> PROBLEM TO SOLVE
Pictures in the records below must be left out. Return exactly the lines from the line with "ぴんく・しゅがぁ 20th Anniversary Special 44ページ" to the line with "Avant d'un magasin", both included.

> INPUT
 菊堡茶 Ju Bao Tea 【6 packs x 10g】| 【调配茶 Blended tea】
---
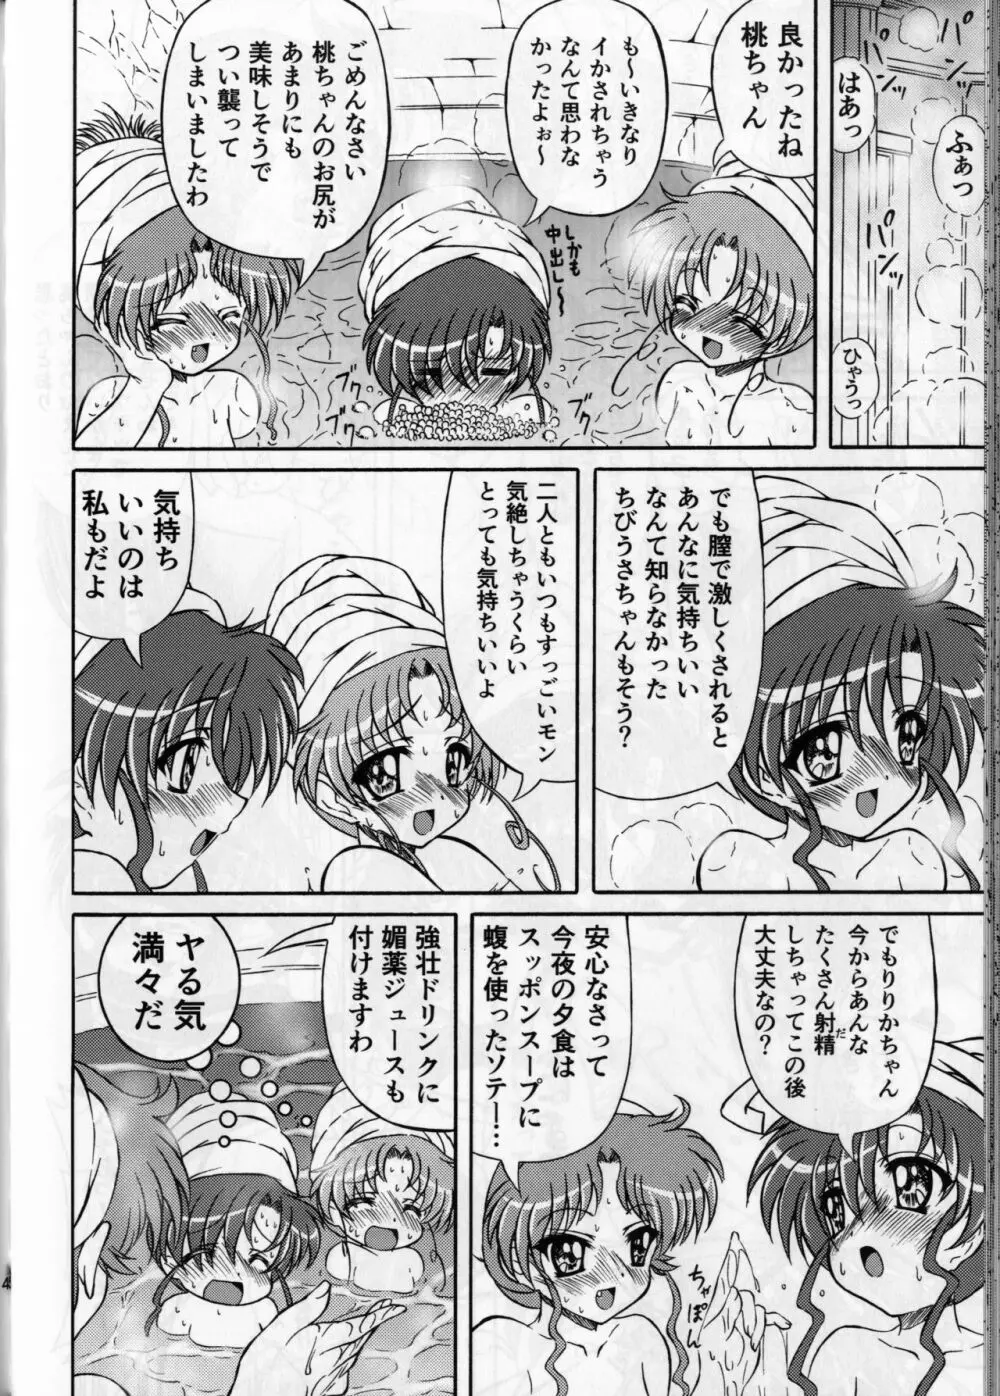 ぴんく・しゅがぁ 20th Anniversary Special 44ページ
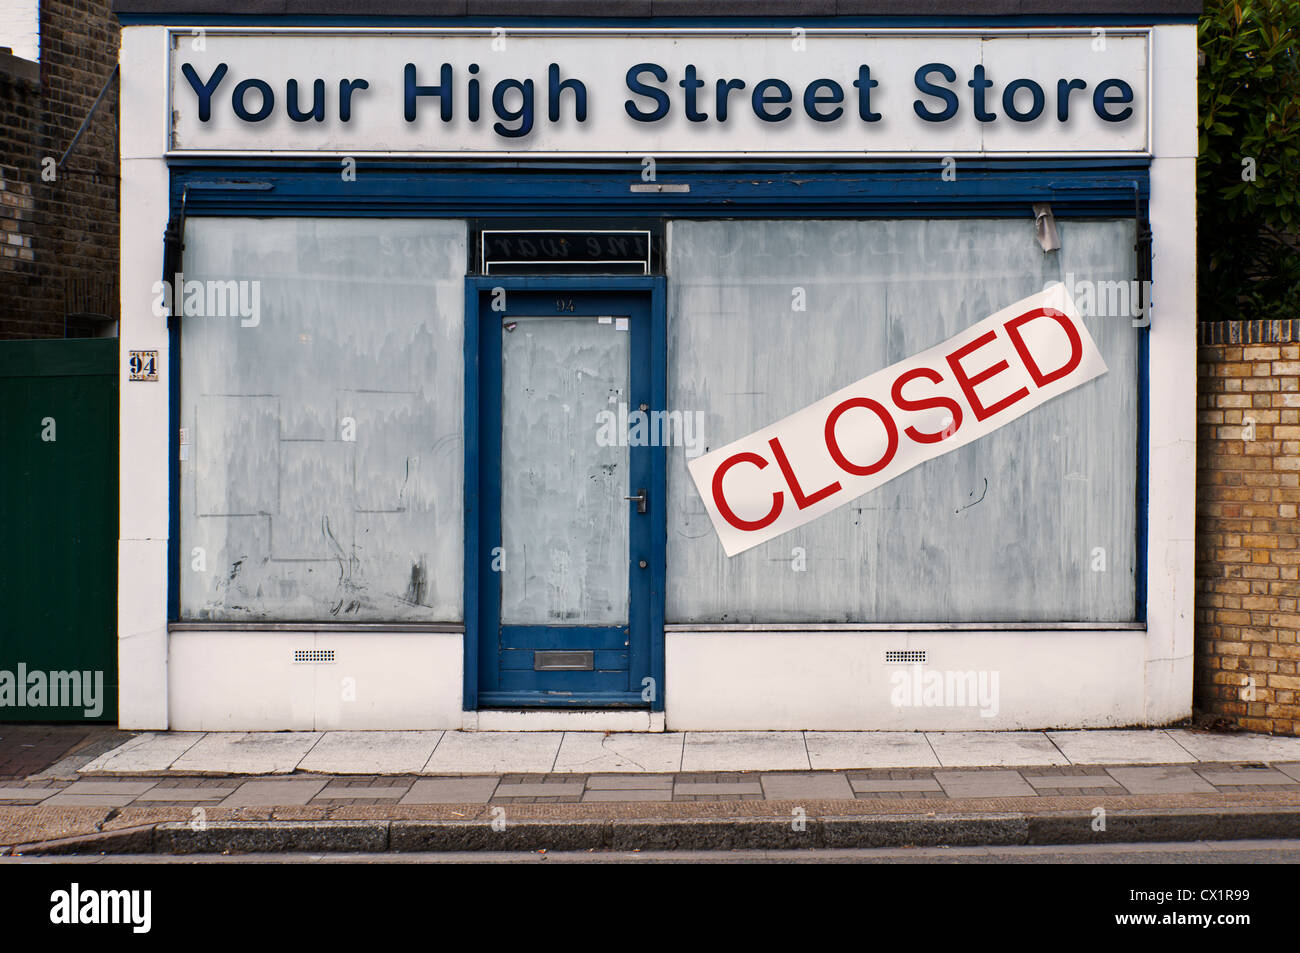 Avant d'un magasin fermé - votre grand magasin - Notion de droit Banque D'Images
* * *
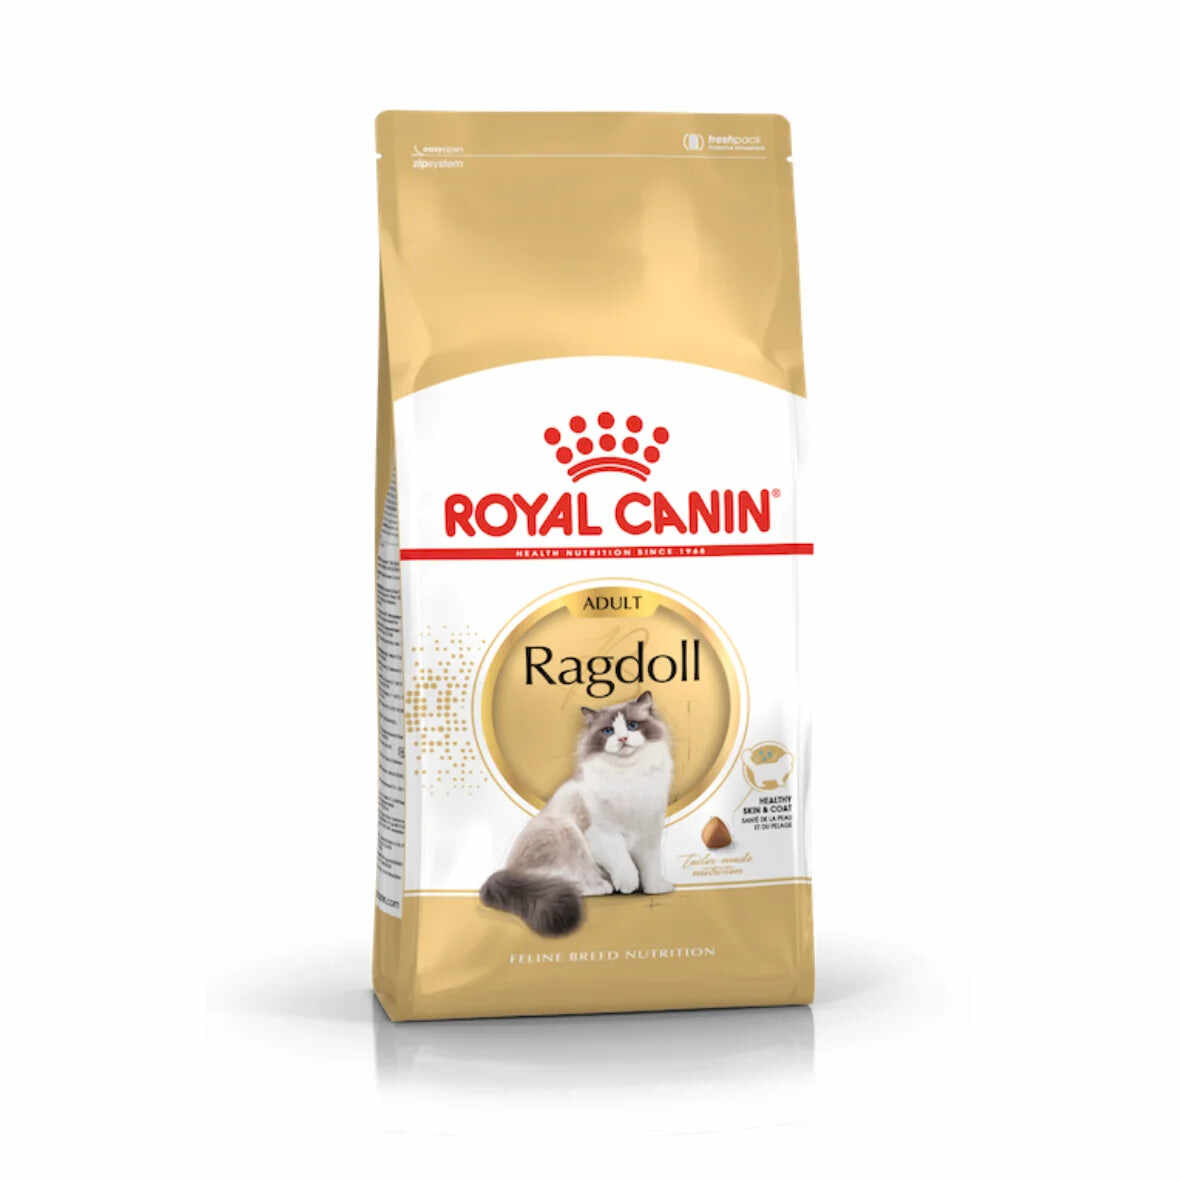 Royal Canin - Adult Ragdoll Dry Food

> RESPONSE
 ぴんく・しゅがぁ 20th Anniversary Special 44ページ
 Avant d'un magasin fermé - votre grand magasin - Notion de droit Banque D'Images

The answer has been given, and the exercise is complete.